▶ [Task details]: Quote word for word from the line holding "Chaussures Nike Air Max marron garçon" to the last line below, including both, and omit any pictures.

▶ [Data extract]:

——

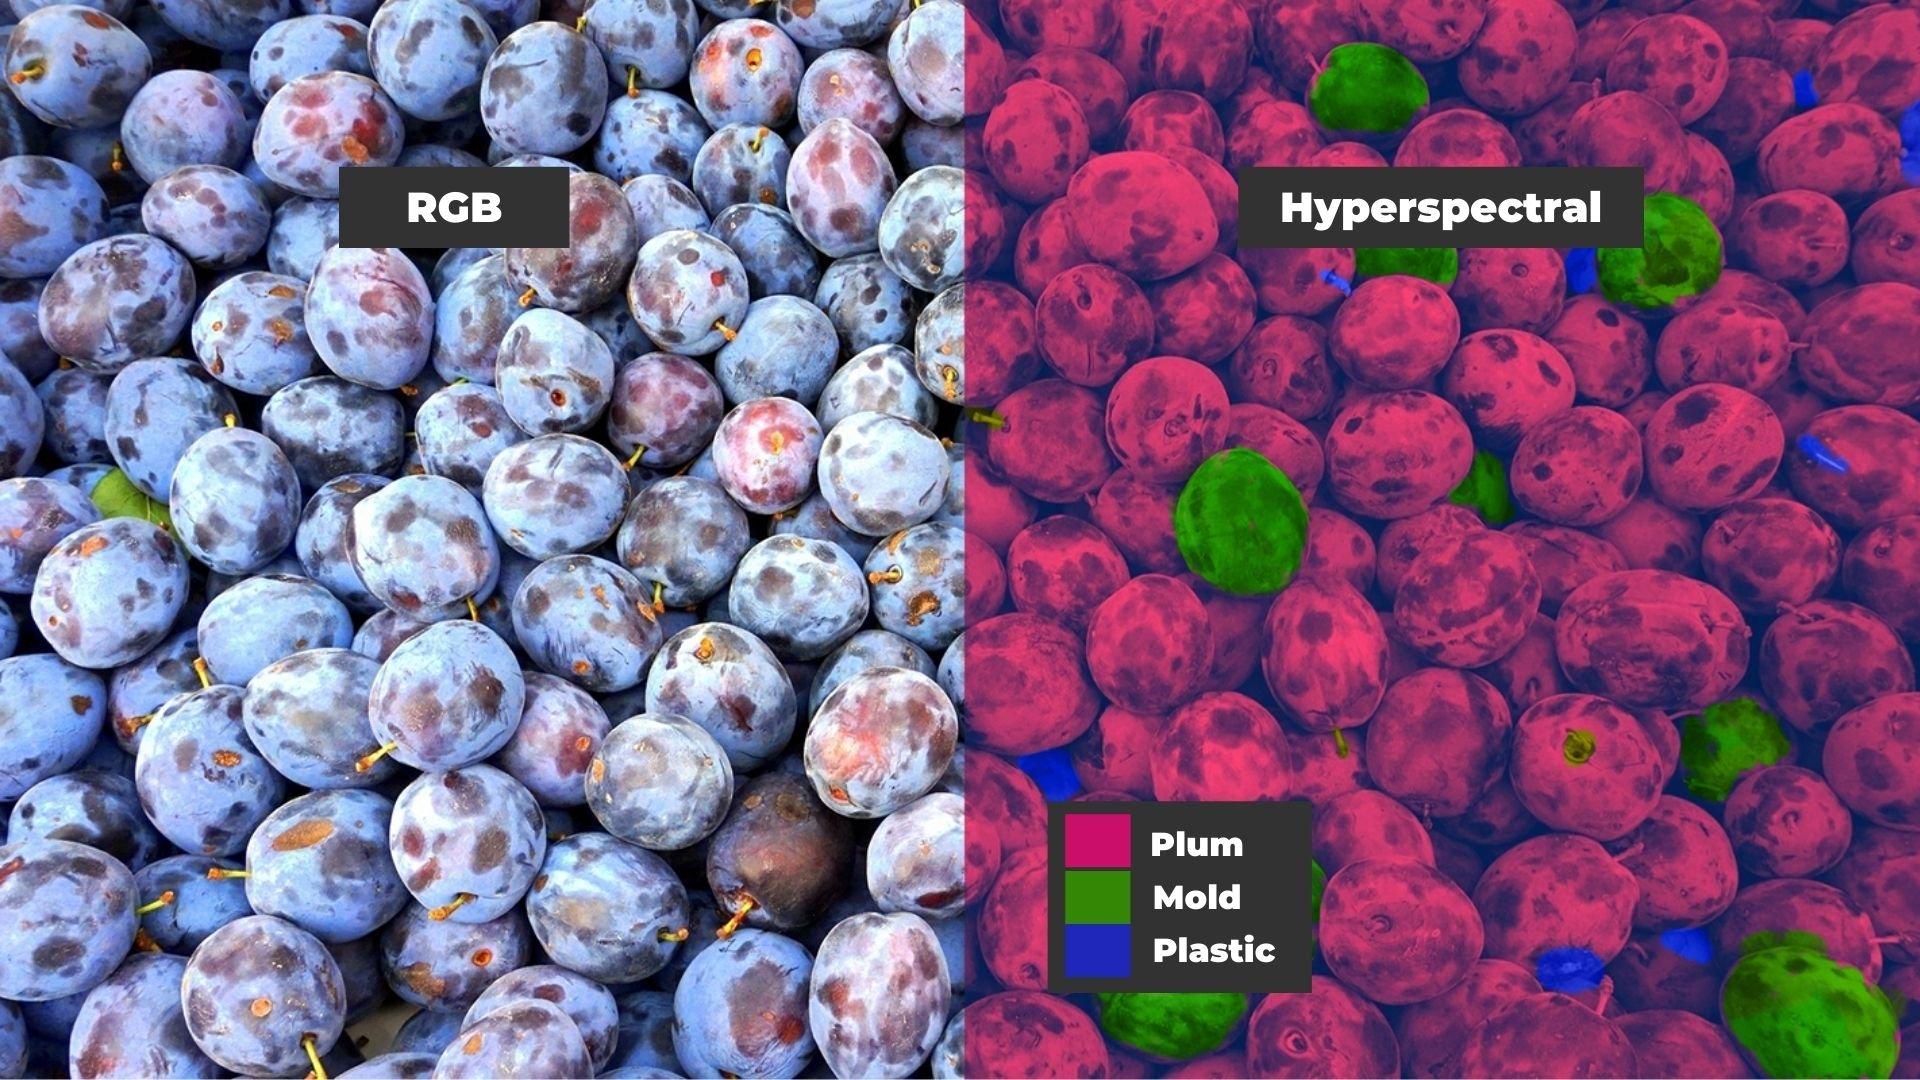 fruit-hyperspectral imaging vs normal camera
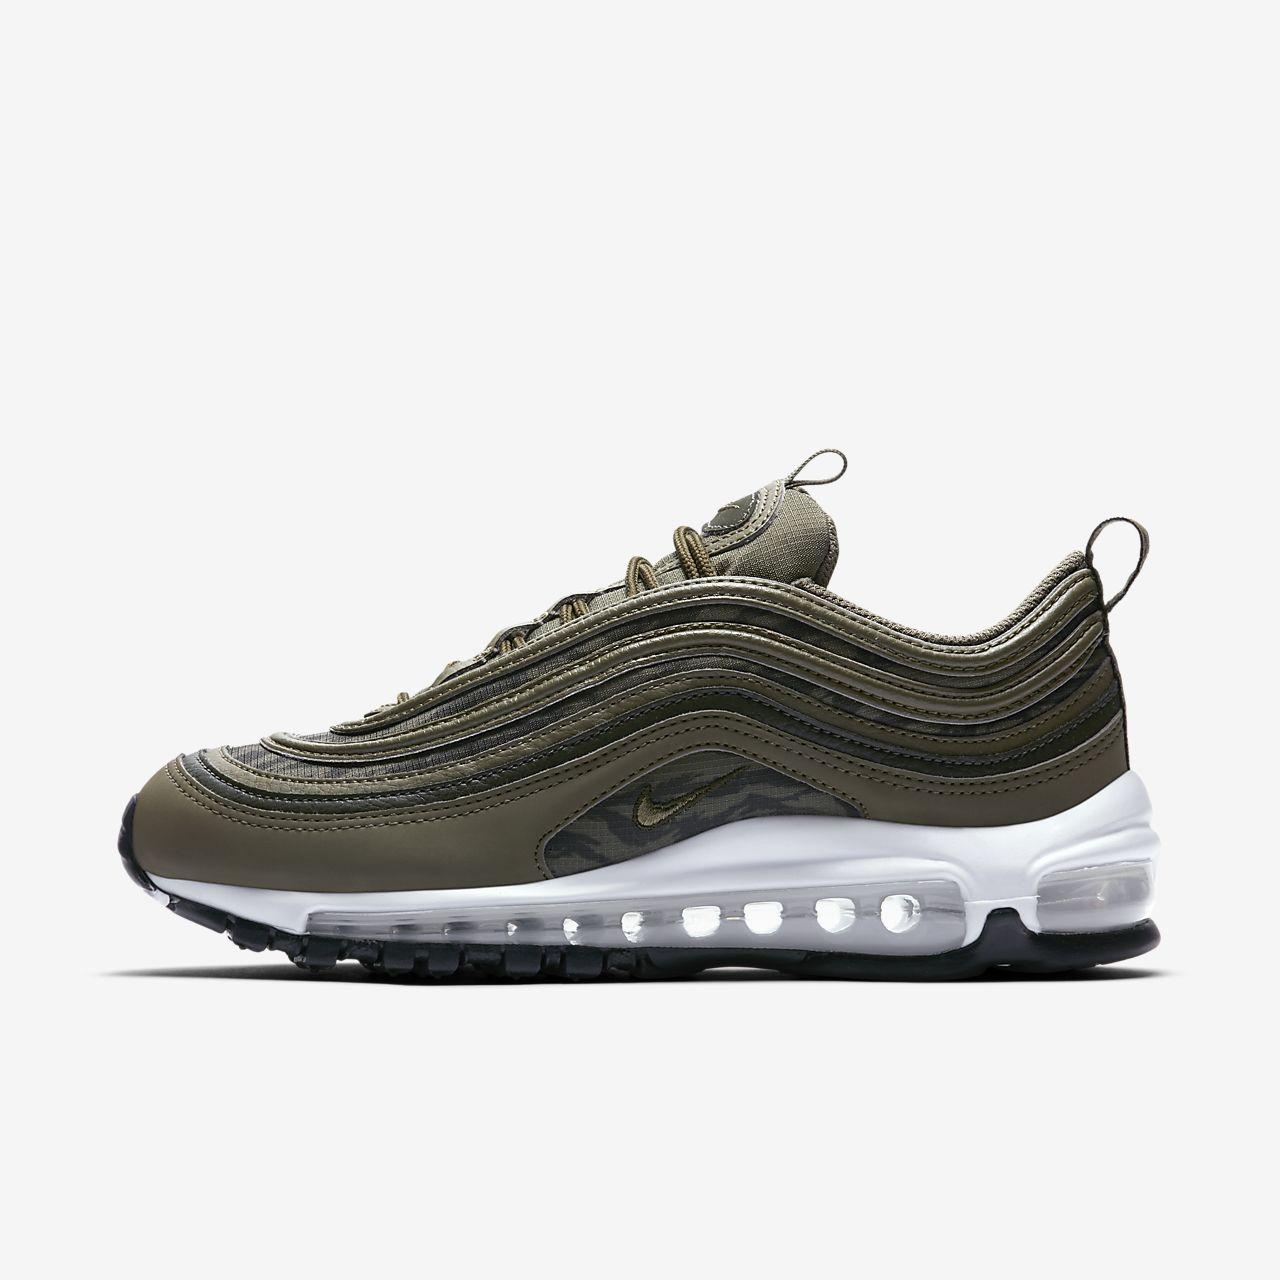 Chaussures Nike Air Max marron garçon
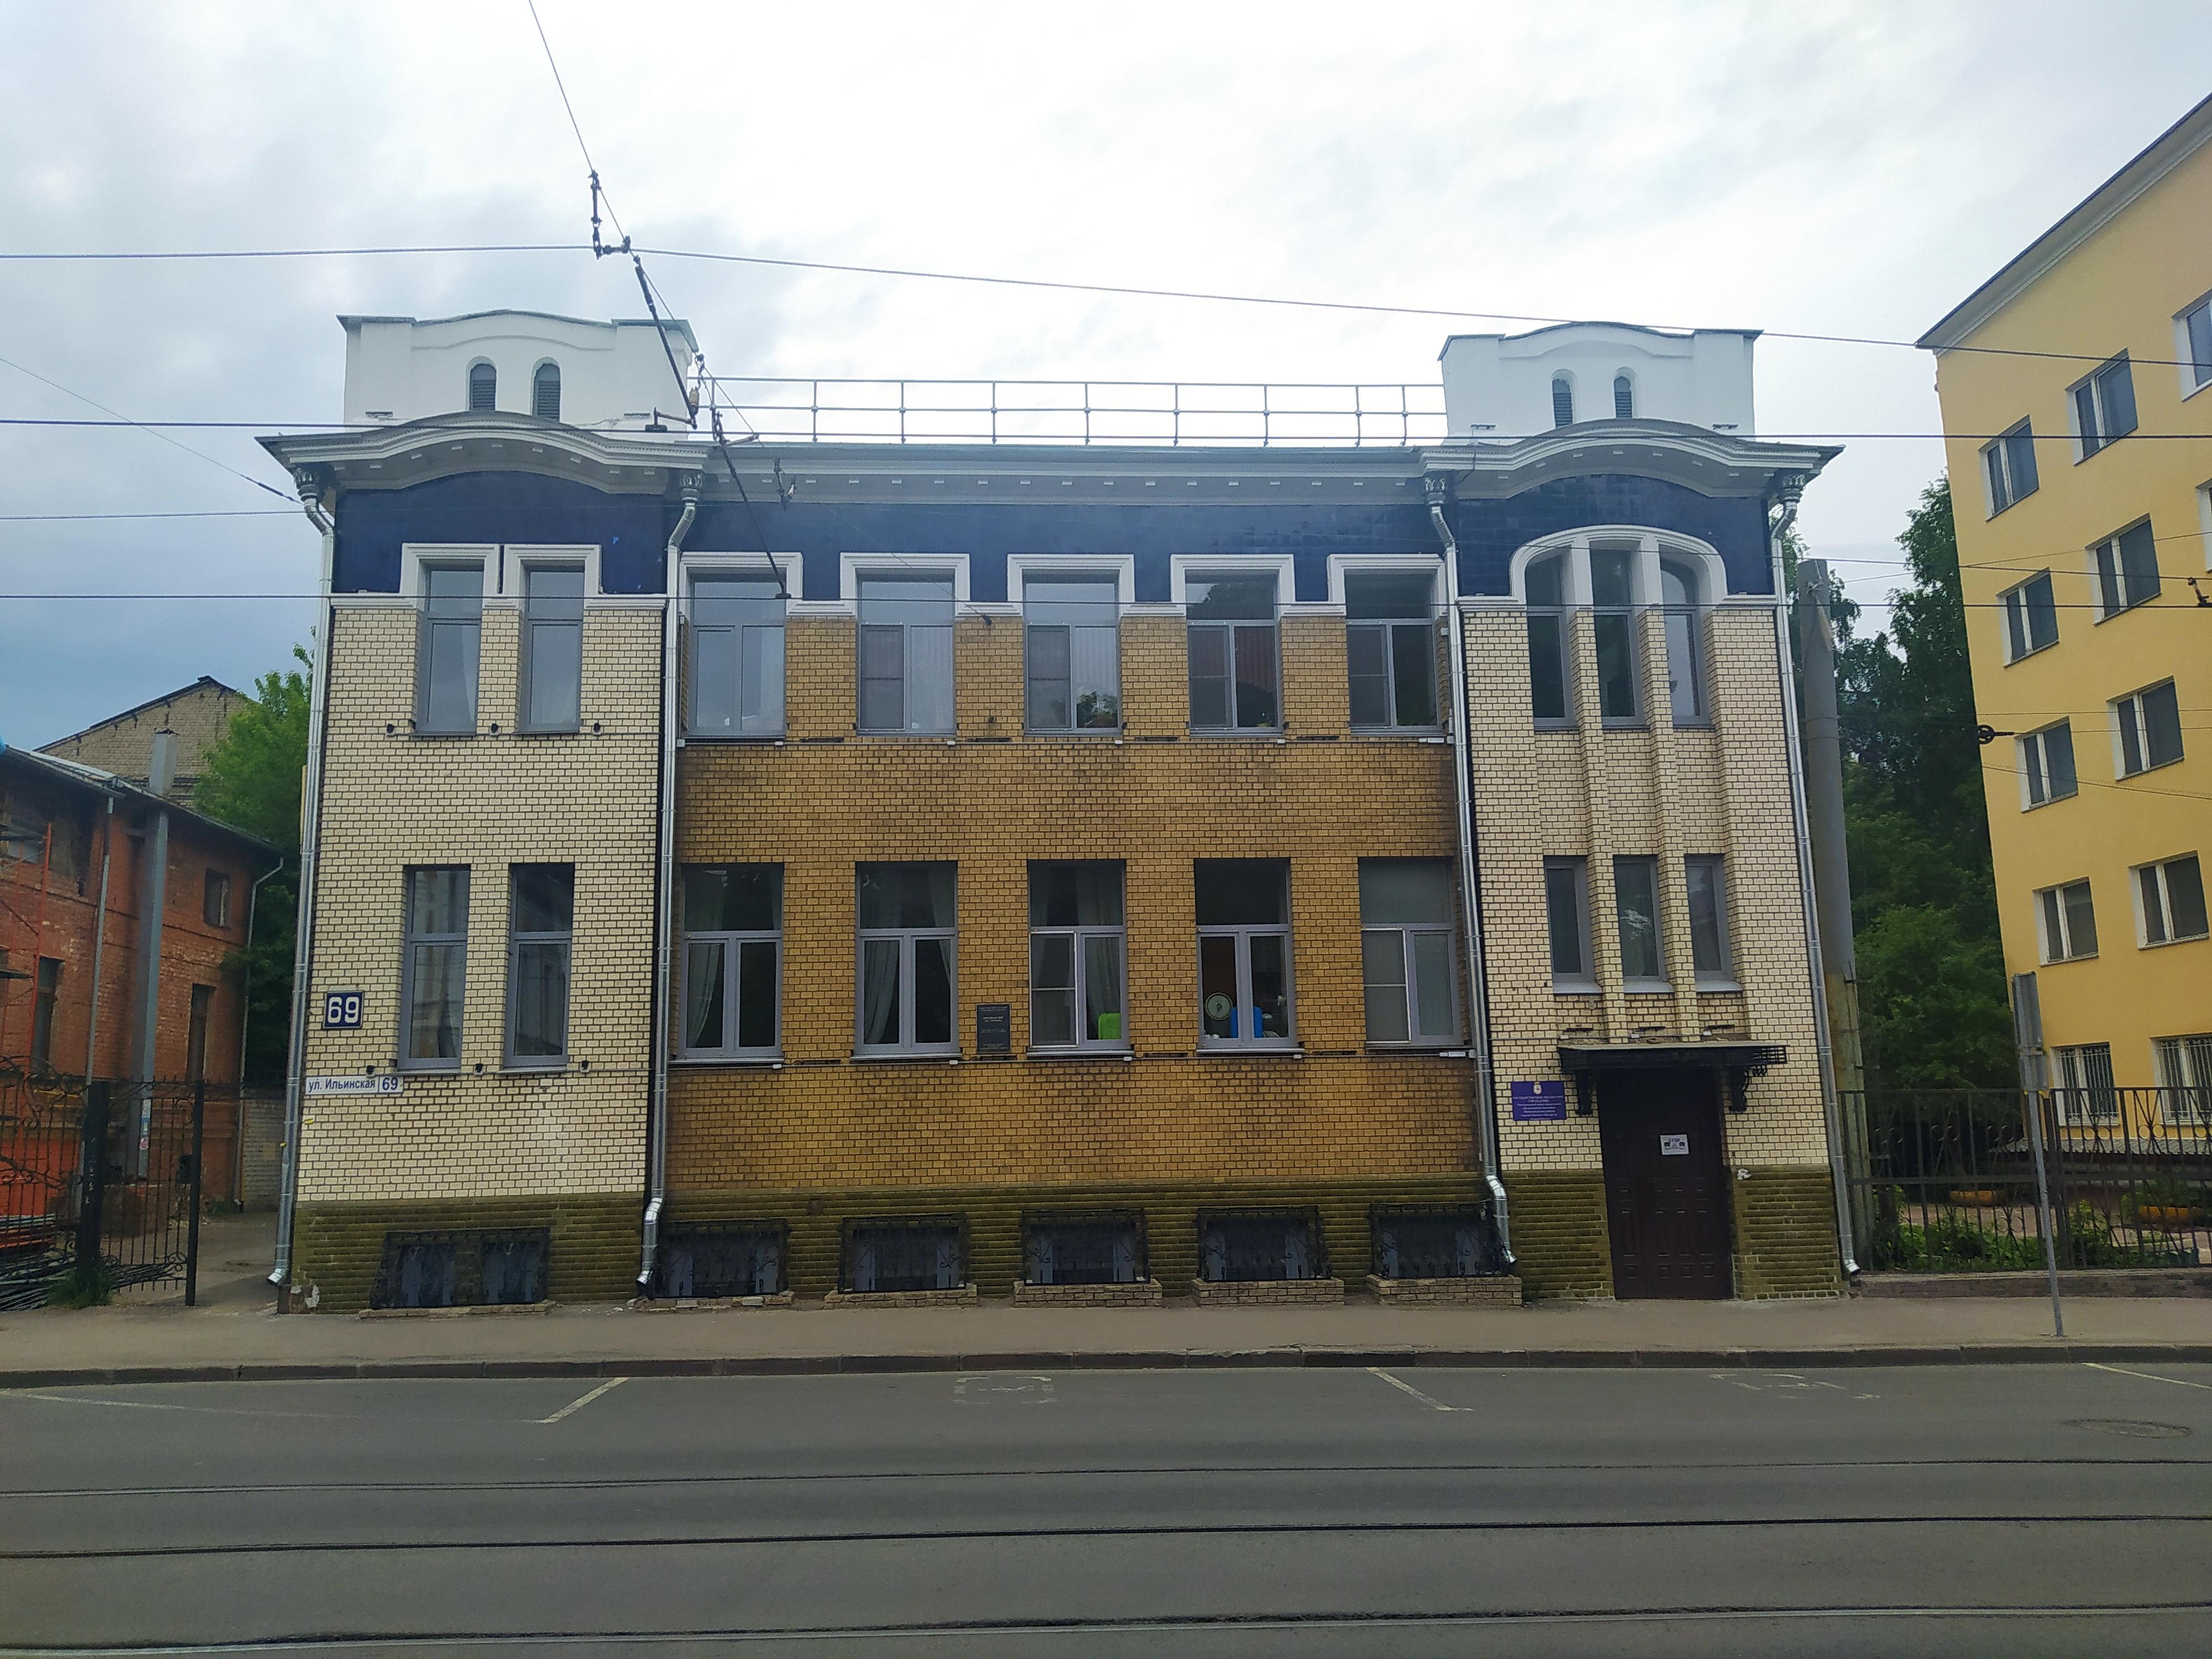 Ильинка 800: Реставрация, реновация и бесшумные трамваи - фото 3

——

▶ [Reply]:
 Chaussures Nike Air Max marron garçon
 Ильинка 800: Реставрация, реновация и бесшумные трамваи - фото 3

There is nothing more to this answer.